I think its a sure sign I need to get laid when every cloud in the sky looks like a penis.
similar to the time we made up the game of screaming at the top of our lungs any time a guy any of us slept with walked into the party. that went over SO well.
I wrote a list of all my homework due in the next few weeks. I feel I've done enough for tonight.
this is like black Friday for my dealer. I'm literally standing in line.
I had sex with her because I didn't want to hurt her feelings.. You're the one who told me I should be more sensitive.
she blew me in the men's room in the restaurant. it was a french bistro, so it was okay
Hmd? did you really just created an abbrievation for hold my dick?
My prof gave me extra credit for drawing a ninja on my paper and writing "ninja will up my grade"
The boat wouldn't start, so we brought it back to her house and we've been sitting in it in her driveway for the past 5 hours drinking beer and yelling at peoplee.
It wasn't good. I can tell by the way he fucks me he watched too much porn
My mom just made me promise her that i'll care about the next guy I sleep with
Spent tonight painting strippers in camo.
So, then you thought it was a good idea to dress up like the Hamburglar, buy a bag full of McDonalds hamburgers, go to Burger King and throw them at everyone while screaming "HAMBURGLAR!". At that point there was no stopping you.

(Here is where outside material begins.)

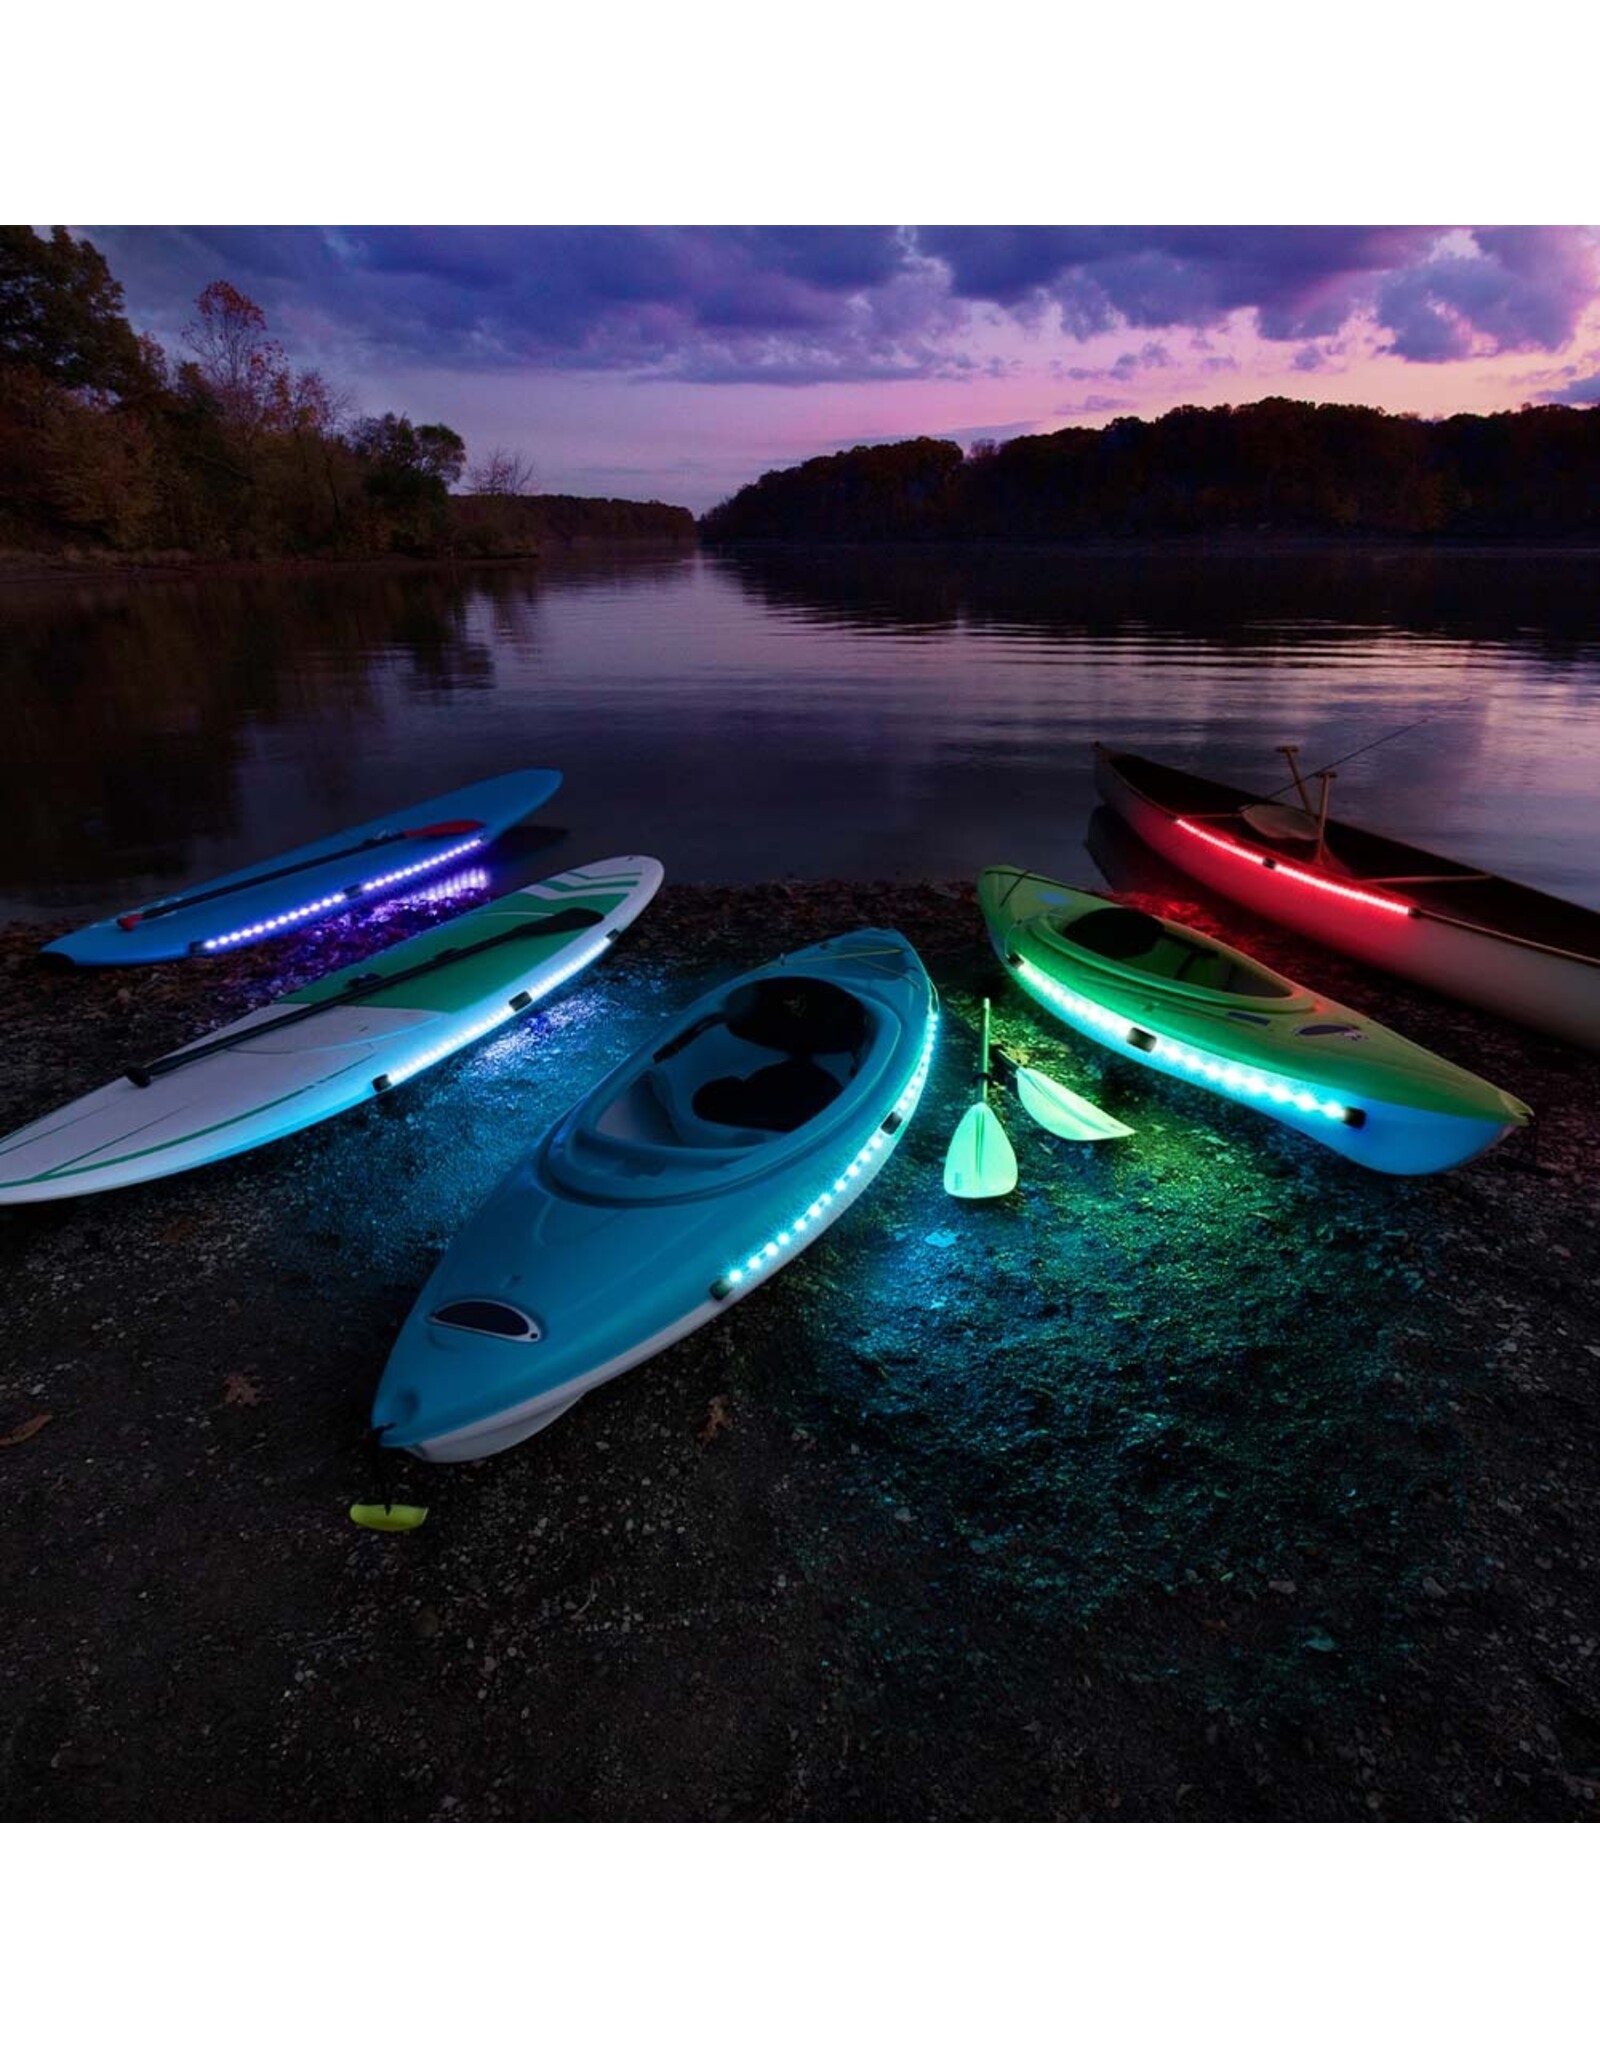 Kayak Brightz

wasn't that the evening we made out with the girls from the dental school, drank 3000 beers, almost had to beat up a guy at the strip club and James nailed some hot piece of tail and took her OSU windbreaker, which my dad went on to wear multiple times after finding it in the garage.
Yes. To all of that. Yes.
My boyfriend's mom is the manager of Wendy's. The same one I took a pregnancy test in.